O primeiro problema que se põe aos pais é: qual é a idade certa para mandar o meu filho de férias sozinho? Na realidade, não existe uma idade precisa, tudo depende do tipo de vida que a família conduz . Por outras palavras, uma criança habituada a estar com outras pessoas, para além dos pais (avós, vizinhos de casa ou famílias de amigos), sem dúvida, enfrenta a separação da família de modo muito menos dramático do que uma criança que cresceu com uma educação tradicional, no qual o papel da mãe é muito forte. Um pouco de bom senso permitir-lhe-á perceber se o seu filho pode ou não suportar uma iniciativa do género.

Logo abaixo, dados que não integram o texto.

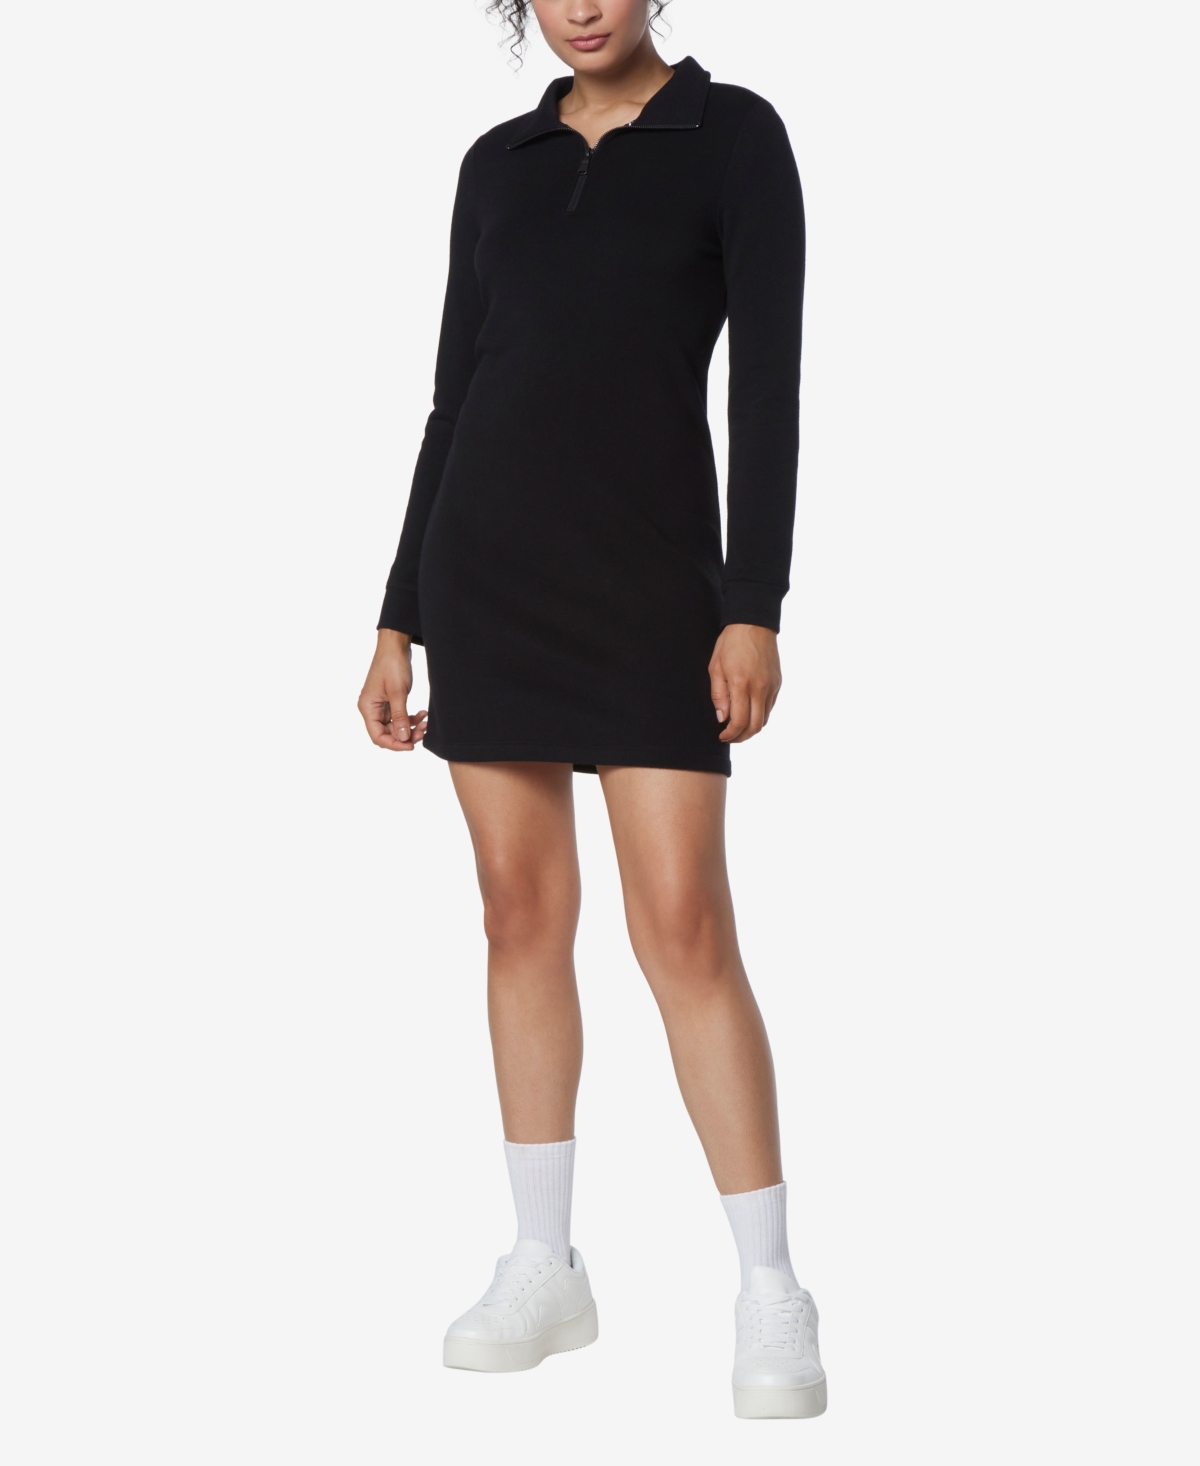 Andrew Marc Sport Women's Long Sleeve Quarter Zip Sweatshirt Dress - Black
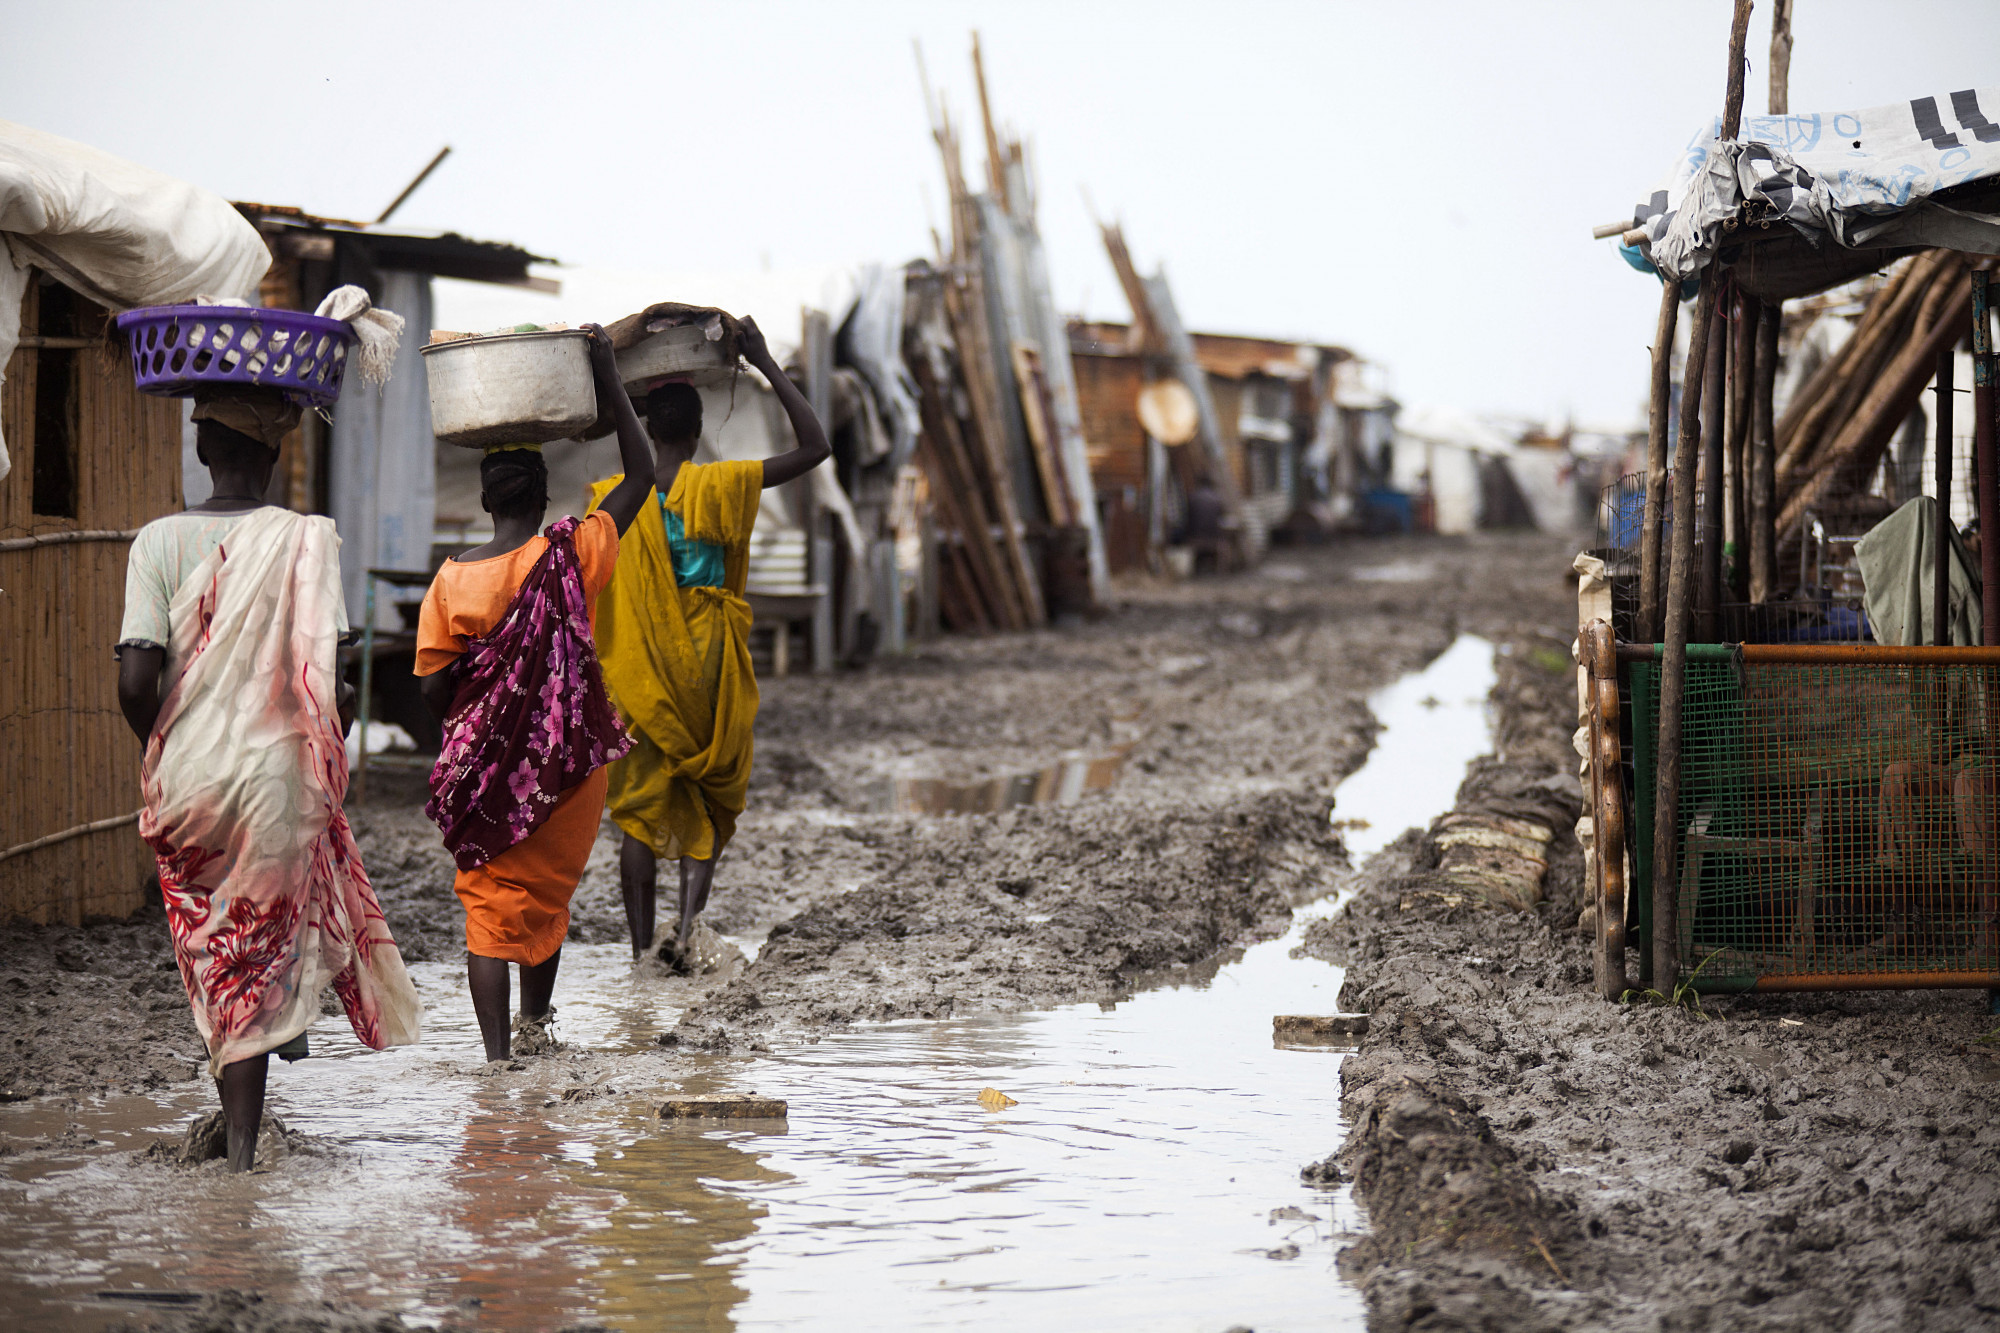 Évek óta erőszakolják az ENSZ békefenntartói a dél-szudáni menekülttáborokban élő nőket

As férias de grupo representam uma ocasião importante de divertimento, socialização e autonomia, que permite às crianças movimentarem-se, fazer desporto e conhecerem pessoas novas. Em alguns “centros especializados” são também previstos programas e métodos para ensinar aos jovens que as tarefas domésticas existem também fora do ambiente familiar: fazer a cama, levantar a mesa, nalguns casos lavar a louça, etc.
Não deve ser subestimada a escolha do tipo de férias, que deve, em todos os casos, respeitar as exigências de cada jovem. Se possível, deve ser privilegiada uma experiência que permita desenvolver a socialização, através da partilha de conhecimentos, de saberes e da língua, mesmo num país estrangeiro: por exemplo, as viagens de estudo ao estrangeiro, para melhorar o inglês ou o francês aprendido na escola.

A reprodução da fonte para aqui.